Сорок долгих грустных лет прошло с тех пор, как я имела несчастие лишиться обожаемого мужа, но ни за что в мире я не хотела бы утратить воспоминание хотя об одном, самом ничтожном обстоятельстве, которое пролило, луч удовольствия на его короткую, но бесценную жизнь. Посланцем для нашей тайной переписки была старуха, приставленная ко мне в качестве сиделки и обязанная оставаться при мне по ночам. Она часто пробиралась из одной комнаты в другую и ее более чем полузакрытые глаза делали ее почти невиновною в этом преступлении. Однако же, через три дня наш Меркурий, может быть, из жалости к моим глазам, превратился в доносчика и выдал нашу тайну моей свекрови, которая прочла нам обоим нотацию на счет неблагоразумия и шутливо угрожала отнять у нас перья и чернила. К счастию, в болезни [458] моего мужа произошел благоприятный кризис; он быстро поправлялся и ему было позволено сидеть у моей постели и наблюдать за скучным процессом моего выздоровления. Мы не возвращались в деревню, потому что были намерены в скором времени уехать в Петербург. Мы часто назначали день для нашего отъезда и столько же часто откладывали его по убедительной просьбе его любящей матери. Наконец, мы отправились в путь и приехали в Петербург 28-го июня, т. е., того числа, которое, двенадцать месяцев спустя, сделалось столь памятным и славным для моего отечества.
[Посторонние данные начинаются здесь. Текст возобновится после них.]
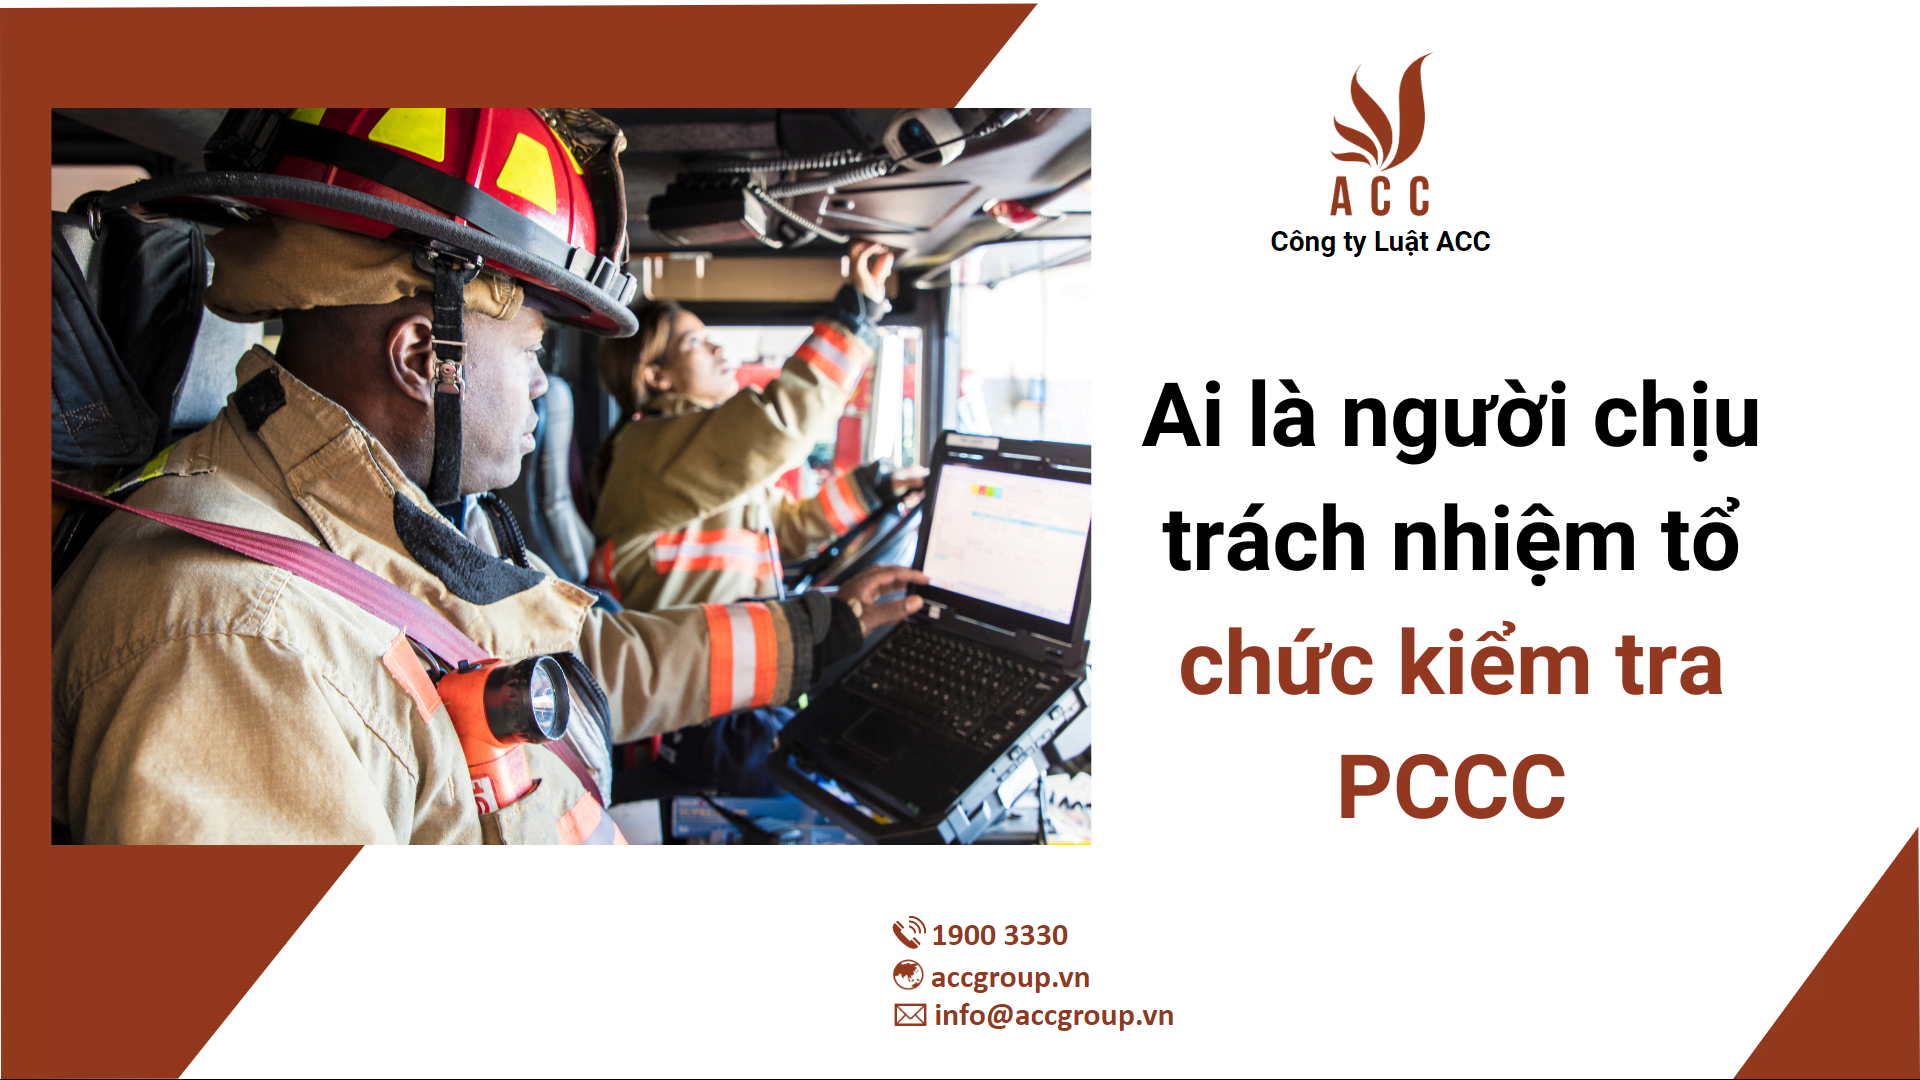 Ai là người chịu trách nhiệm tổ chức kiểm tra PCCC

Я была в восторге от этого путешествия. Я желала снова увидеть моих родных, которых привычки и образ жизни были так не сходны с тем, к чему я привыкла в Москве, и более согласны с моим вкусом и моими наклонностями. Меня в особенности привлекал дом моего дяди, где я научилась удивляться изысканной утонченности общества, а также европейскому вкусу мебели и украшений, которые давали этому дому право называться княжеским дворцом. Когда мы въехали в город, каждый попадавшийся нам предмет доставлял новое удовольствие моему сердцу. Никогда Петербург не казался мне таким прекрасным, веселым и великолепным. Все было одушевлено живостью моих собственных мыслей. Я инстинктивно опустила окна кареты, надеясь в каждом прохожем узнать какого-нибудь друга или родственника и каждый попадавшийся мне предмет приветствовала как своего старого знакомого. Мною овладело какое-то лихорадочное волнение. Приехав домой и устроив для дочери комнату возле моей, я поспешила к моему отцу и к дяде, совершенно забыв, что они живут на своих дачах.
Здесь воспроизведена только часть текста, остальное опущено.